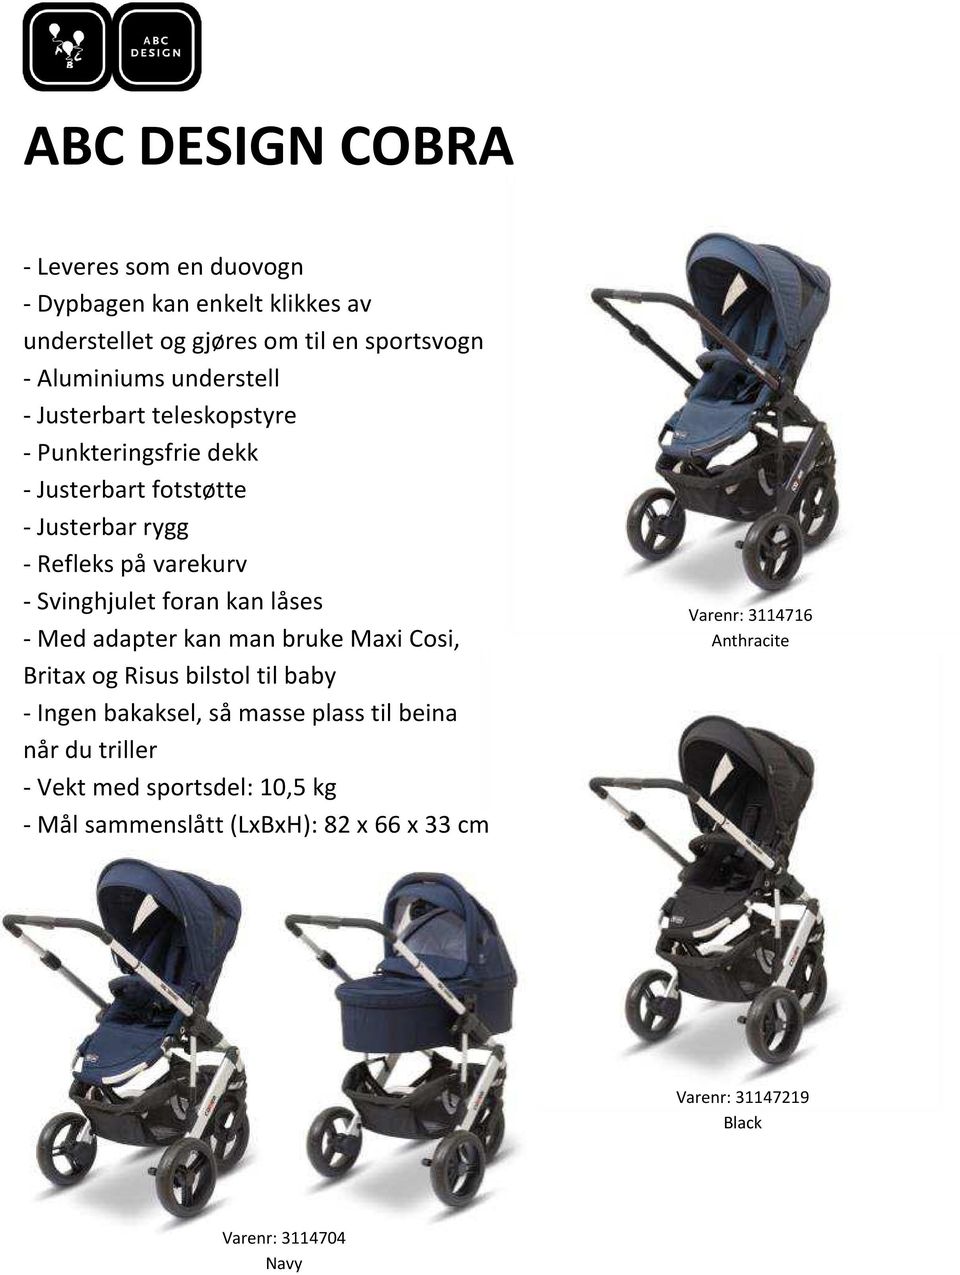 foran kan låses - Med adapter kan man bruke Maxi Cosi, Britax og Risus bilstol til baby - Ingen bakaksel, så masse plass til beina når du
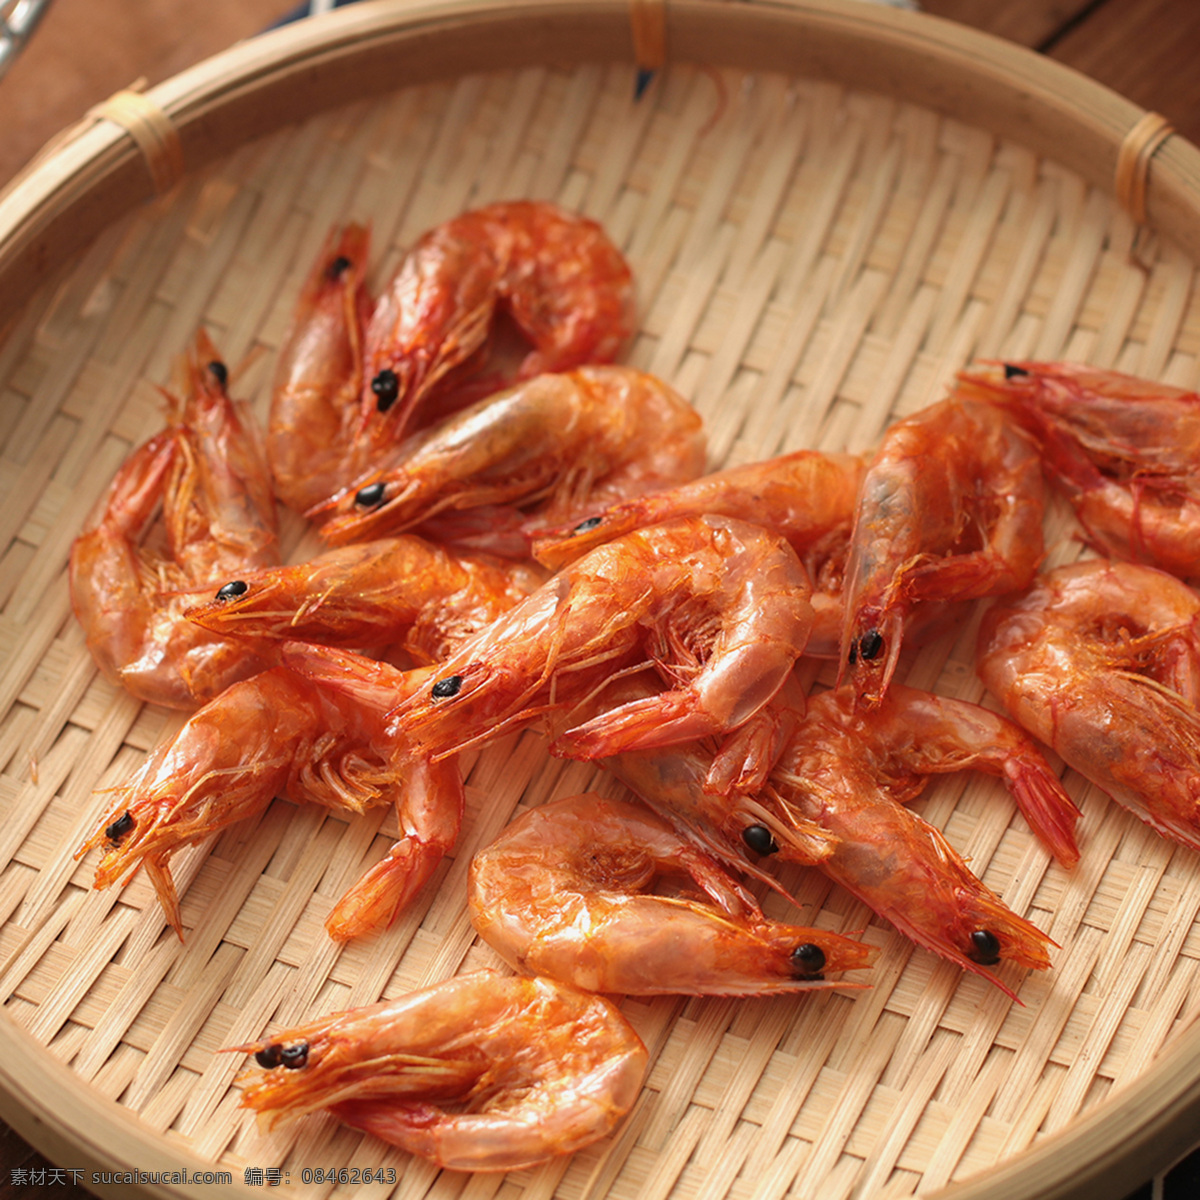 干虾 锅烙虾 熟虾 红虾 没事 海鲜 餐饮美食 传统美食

--- --- ---

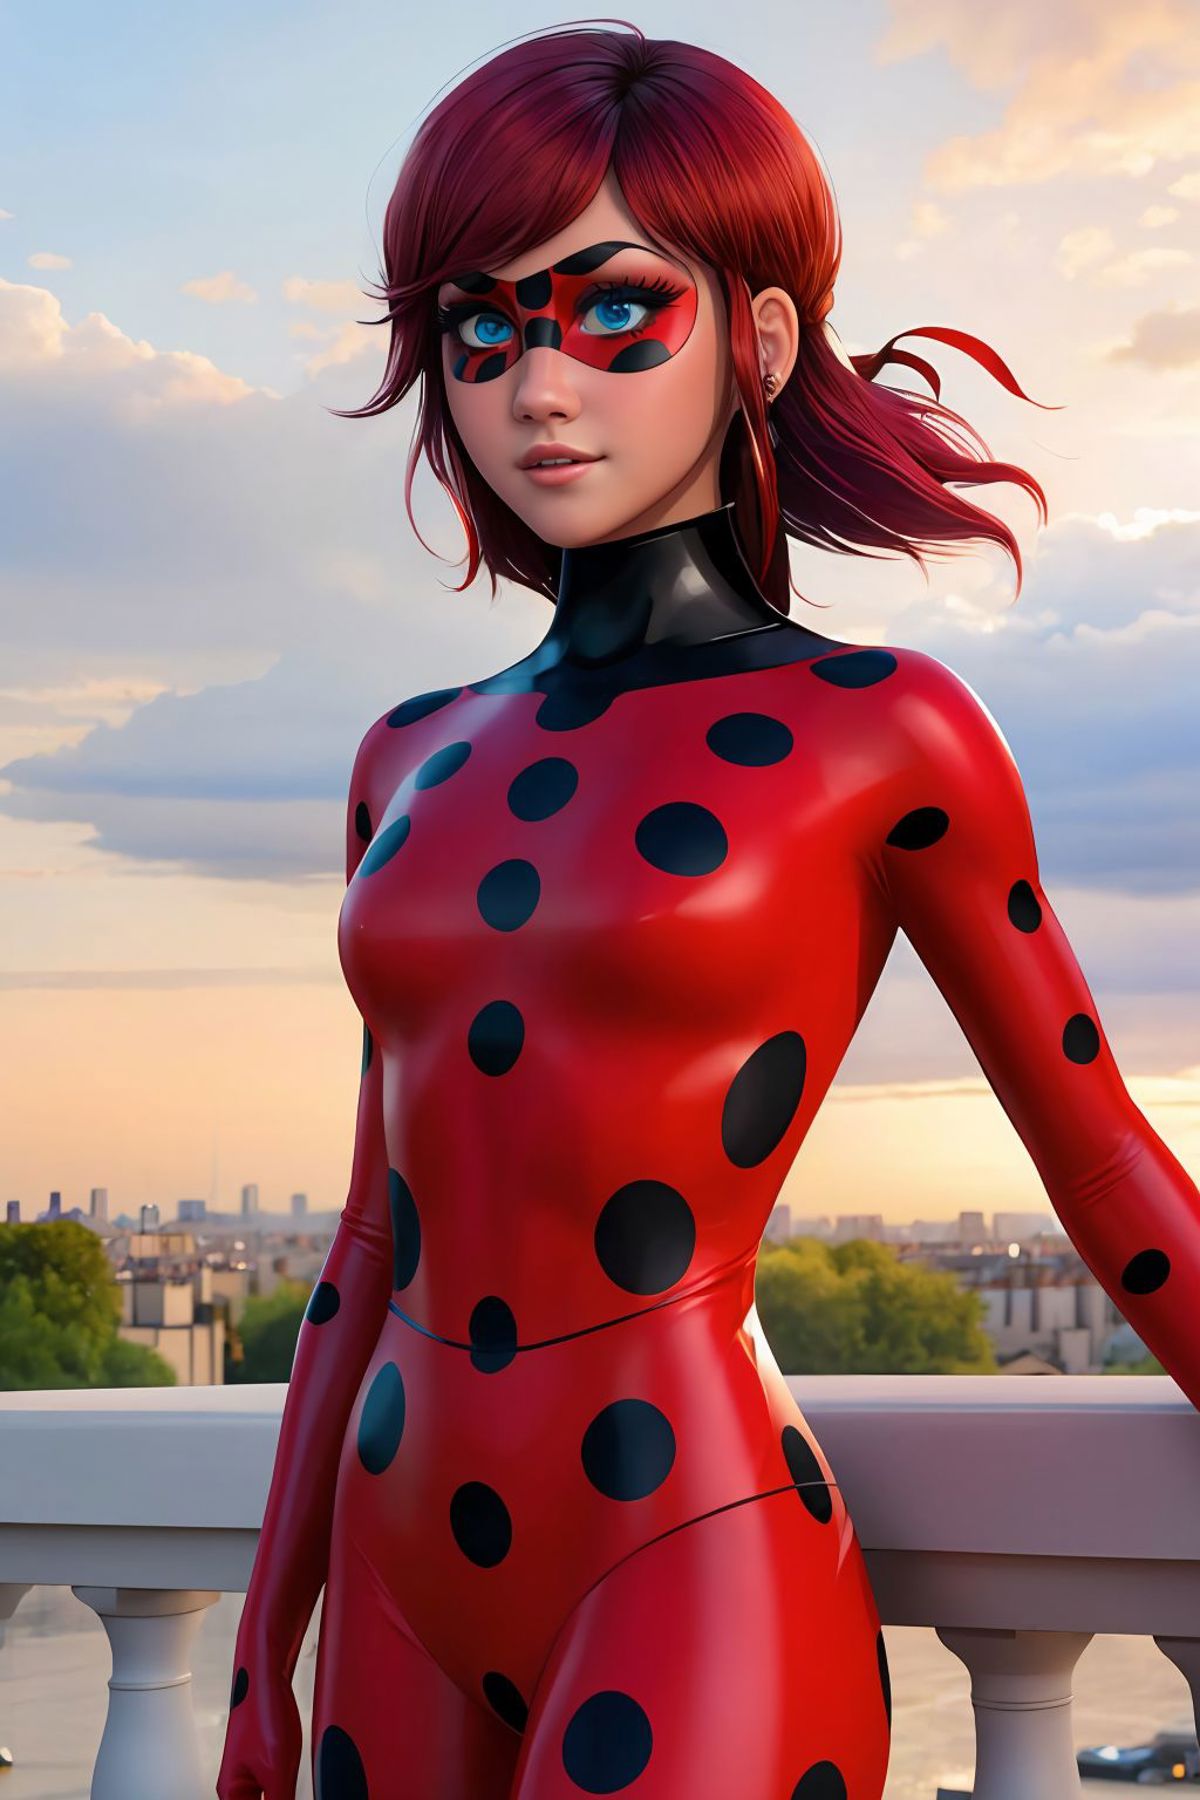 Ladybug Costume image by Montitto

--- --- ---

> _Activity_
Output exactly the lines above, beginning at the one with "foran kan låses" and stopping after the one with "干虾 锅烙虾 熟虾 红虾 没事 海鲜 餐饮美食 传统美食". Pictures are to be omitted.

> _Answer box_
 foran kan låses - Med adapter kan man bruke Maxi Cosi, Britax og Risus bilstol til baby - Ingen bakaksel, så masse plass til beina når du
 干虾 锅烙虾 熟虾 红虾 没事 海鲜 餐饮美食 传统美食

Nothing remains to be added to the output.